After continuous observation of the market and data analysis, we are currently facing a complex structural adjustment phase, primarily due to the contradictions between various trading cycles. Against this backdrop, both bullish and bearish investors hold their respective expectations.
On the hourly timeframe, the bearish structure dominates. In Area A, we marked the selling zone and suggest investors look for buying points on the right side. When the price breaks through the recent high, it will be a potential entry opportunity. However, considering that the current risk-reward ratio is not ideal, we will not consider this strategy for now. If Area A is breached, we will look for bearish opportunities at a higher level. But it should be noted that for most non-breakout scenarios, unless there is a clear breakout at the larger cycle (such as the 10.8k level), we will remain cautious.
In Area B, we observed buy zone signals, where light position left-side trades can be considered. When the price declines and breaks through the previous low, it will signal an exit.
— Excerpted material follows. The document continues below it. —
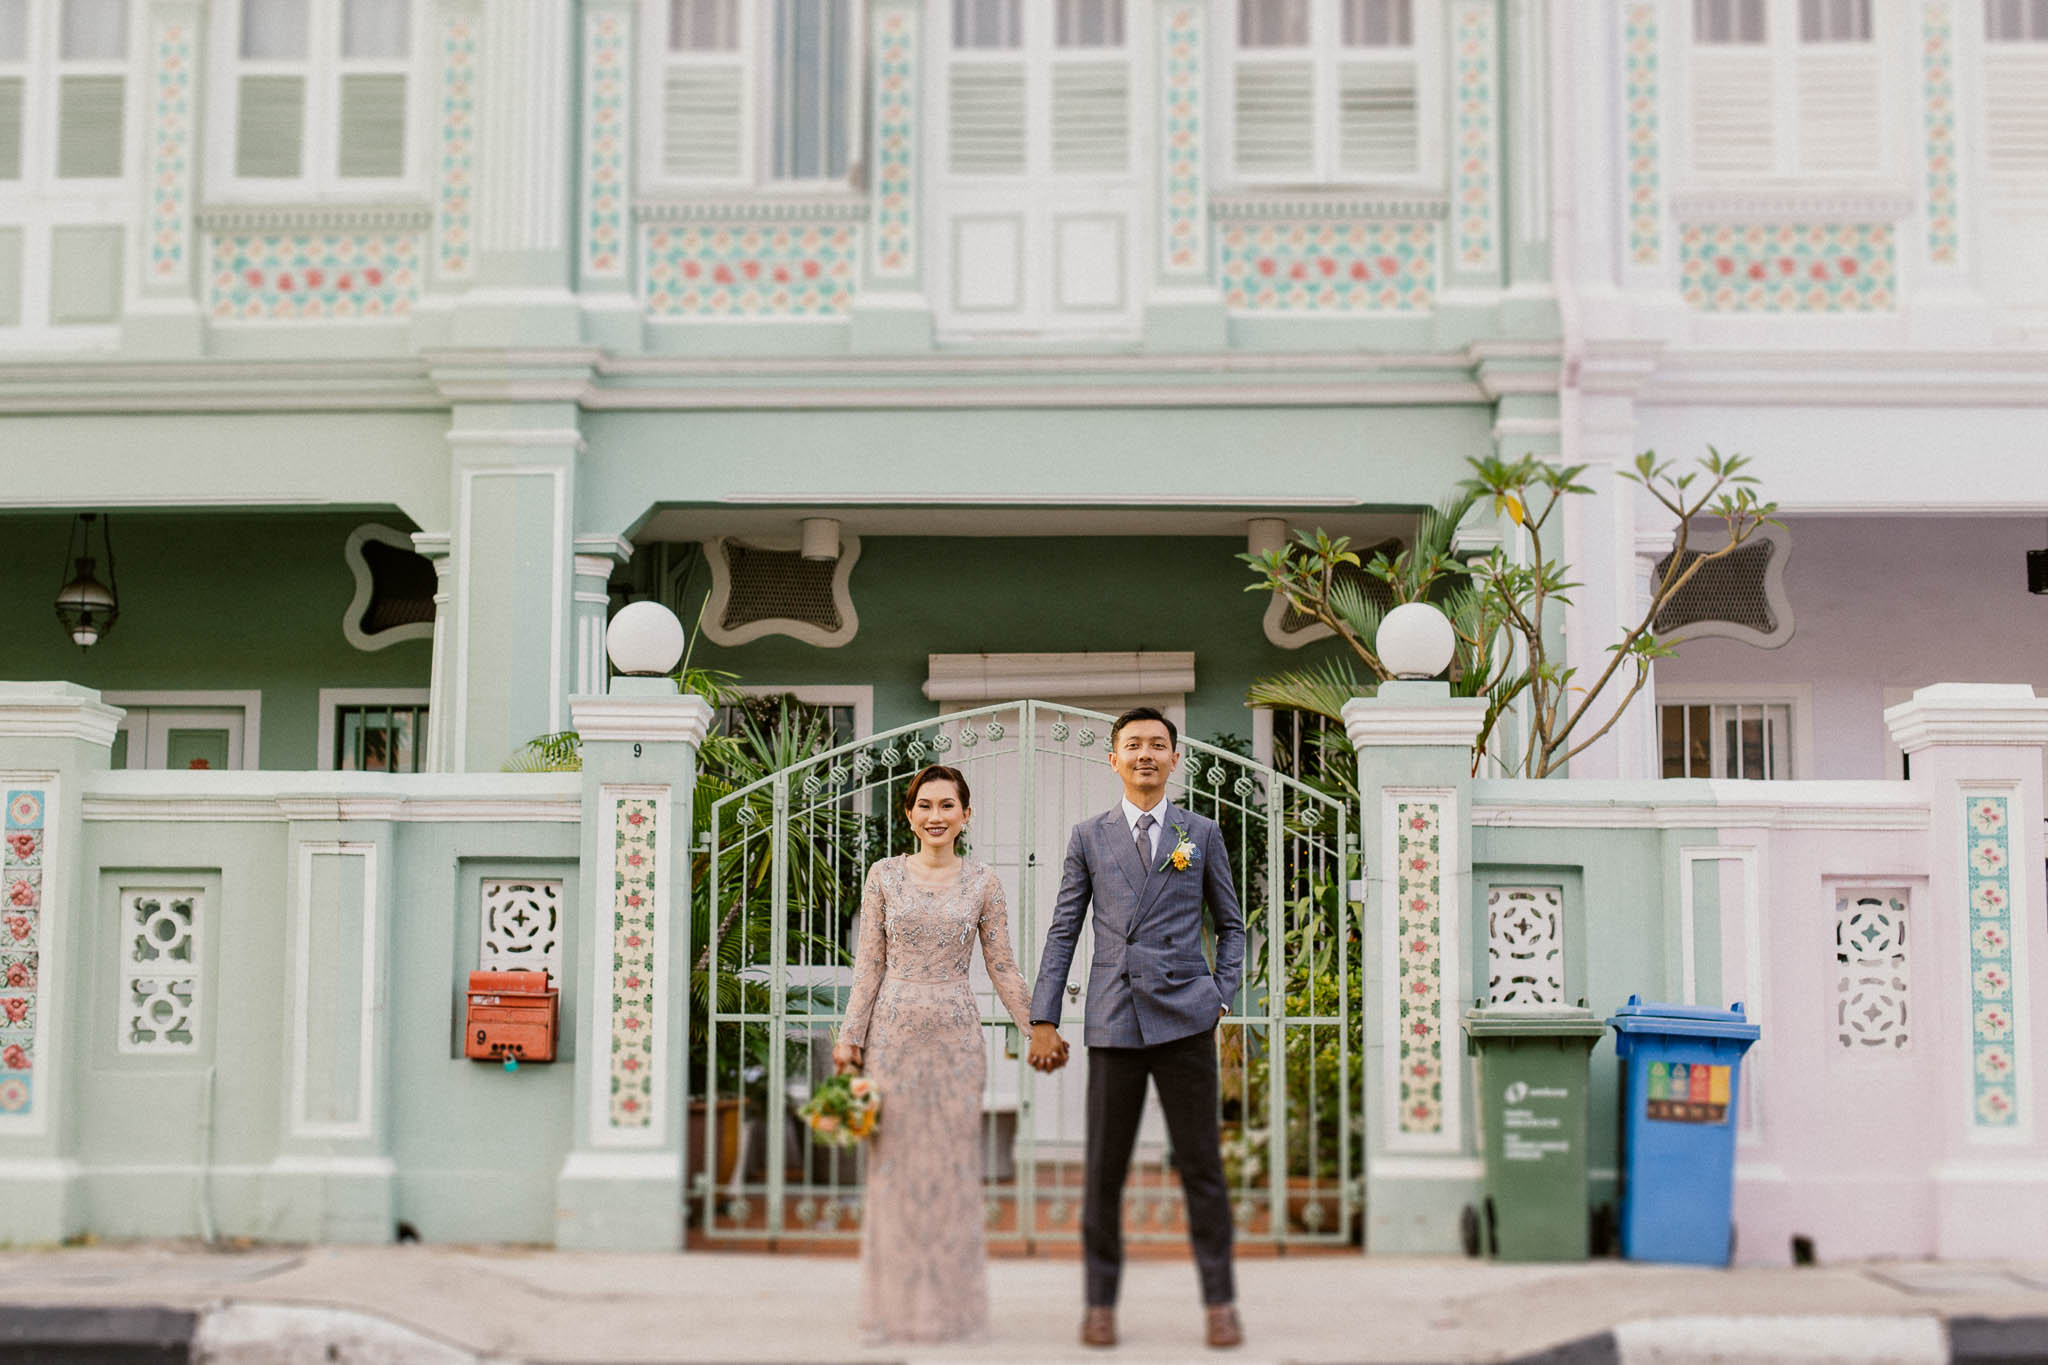 singapore-wedding-photographer-wedding-nufail-addafiq-077.jpg

Although this is a counter-trend operation on the hourly level, due to its potential high risk-reward ratio, investors with lower risk tolerance may attempt light position trading.
For Area C, the trigger for buying conditions is a break of the previous low. Once this condition is met, the next potential buying point will appear in Area C.
It should be emphasized that the 10.8k level does not indicate that the larger cycle bullish trend will directly reverse. Currently, it is uncertain how far the hourly bearish trend will extend in the future, and we can only rely on expectations to make judgments. However, it can be confirmed that when the hourly bearish trend ends, the market may conduct a second probe of the previous high in the larger cycle or continue to develop the bullish trend of the larger cycle. Therefore, at this stage, we are not inclined to consider the possibility of a reversal in the larger cycle.